When I got an iPhone, this service was extended to that, keeping it in sync with my Macs. Backup was good because it gave you lots of control over what, and what wasn't, backed up and when it happened.
But in Leopard, Time Machine was included. Time Machine takes all the work out of backing up, as long as you have an external drive connected. It does the first backup (fairly fast over FireWire or USB2) then checks every hour to see if anything's changed. These subsequent backups are fast and don't lag systems, noticeably. The more techy types don't like it much as they prefer more control over what, when and where. But for many users, Time Machine is nothing short of a godsend.
Time Capsule just added to this functionality, being wireless. Once you've got past your initial big backup, it's literally 'fuggedaboudit'. (Although my advice is, don't - it pays to check your Time Machine pane in System Preferences every now and again to make sue it's still working, as disconnections can trip the system.)
If you want your data back, that's when you go into the Space Time Continuum. Well, not really. It just looks like that. Your whole screen slides down to be replaced by a universe, complete with moving stars (warp 9 ...) showing you a view through time, as it were, with your backups going back. Click the one you want, press Restore at bottom right and the file is copied back to your Mac in its original location.
Oh, I forgot to say - this Time Capsule is one of the new breed. It has dual-band wireless, so it has created a fast 50m wireless network in and around my house that all the Macs are using to connect to the internet via my Orcon broadband router. Oh, plus my iPhone and an iPod touch. It's an AirPort Extreme 802.11n base station with a big hard drive in it. Being dual band, it handles older devices on the 2.4GHz band while newer devices can use the 5GHz band at the same time.
Another feature I really like is Guest Network. When someone comes around - a visitor with a Mac or PC laptop, or an iPhone or iPod touch - and wants access to the 'net, mostly I feel fine about giving them the login and password, but you may feel a lot better about granting Guest Access. It has a different password to your usual network. That, including your printer, attached drives or other devices, remains secure.

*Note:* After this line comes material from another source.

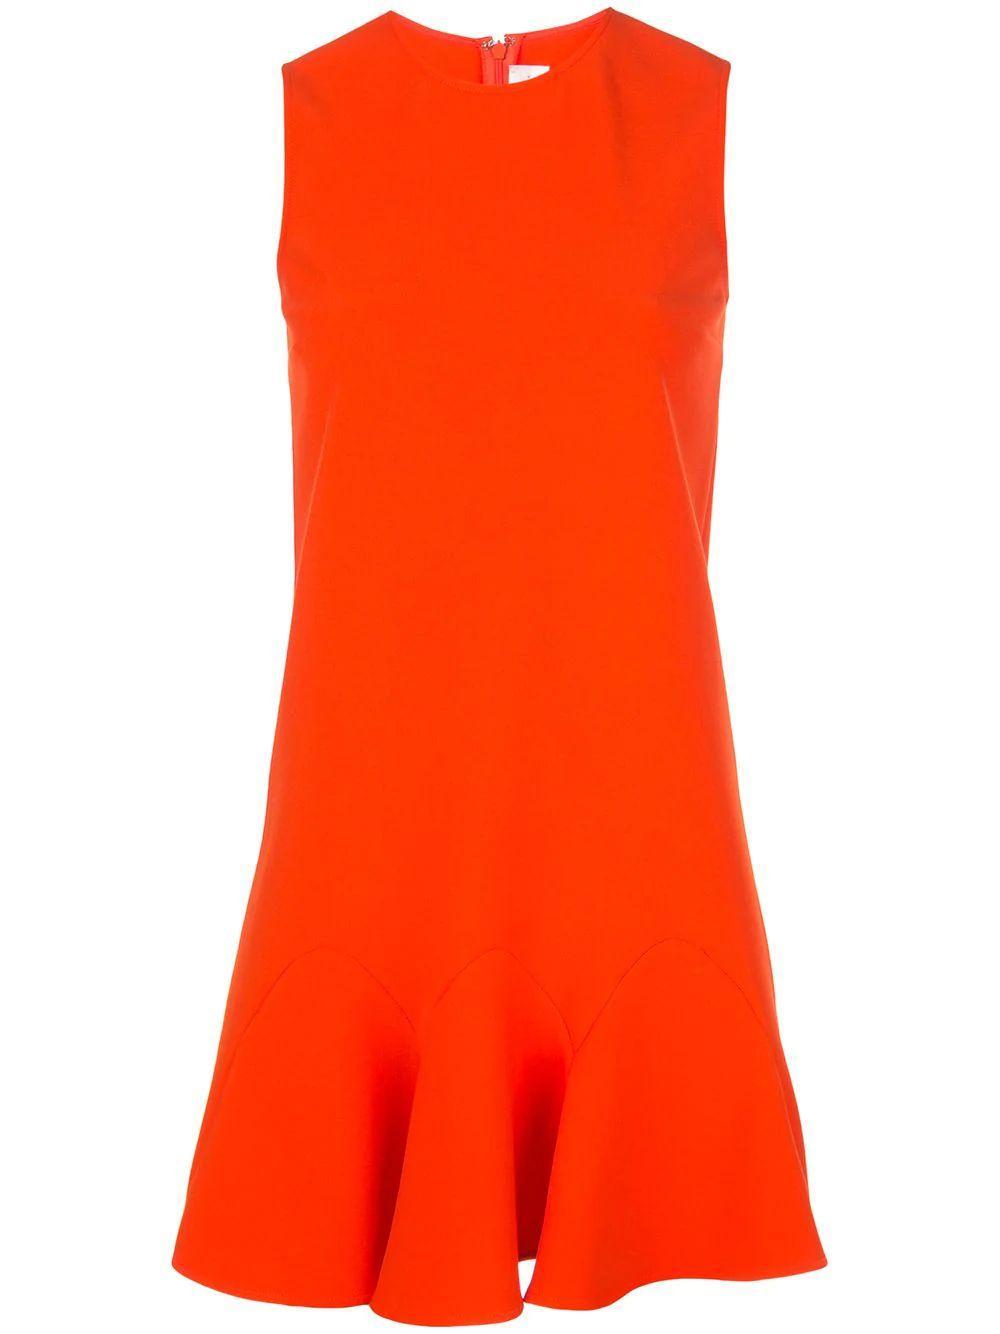 Sleeve Less Flounce Hem Shift Dress Item # 2120WDR000897A

And yes, I paid a premium. If I was more techy (actually, if I could be bothered - and I really can't, anymore), I could get a 1 Terrabyte external hard drive for about $500 - it's around $480 RRP for an EZQuest Phoenix 1000Gb eSATA II/USB2 (from the MacSense price list). An EZQuest Thunder Pro (FW400/800/USB2) is more of a pro drive, but that's $825.
Add an AirPort Extreme base station to the cheaper example for $379 and I get a total of just $859. But that only backs up the one Mac the drive is plugged into, plus there's a cable, limiting where I can hide the drive. I do get the AirPort wireless benefits (up to 50 Mac and PCs connected, etc) and the new model AirPort Extreme lets you share a plugged-in USB hard drive, (as does the Time Capsule), but it doesn't support backing up from all connected Macs wirelessly.
For the convenience, the extra $190 was well worth it to me. The Time Capsule 1TB costs $1049 (the 500GB model costs $498).
Note that the older, non-dual-band models were still in the NZ Apple Store when I looked - they cost $799 for the 1TB and $498 for the 500.
What price convenience and security?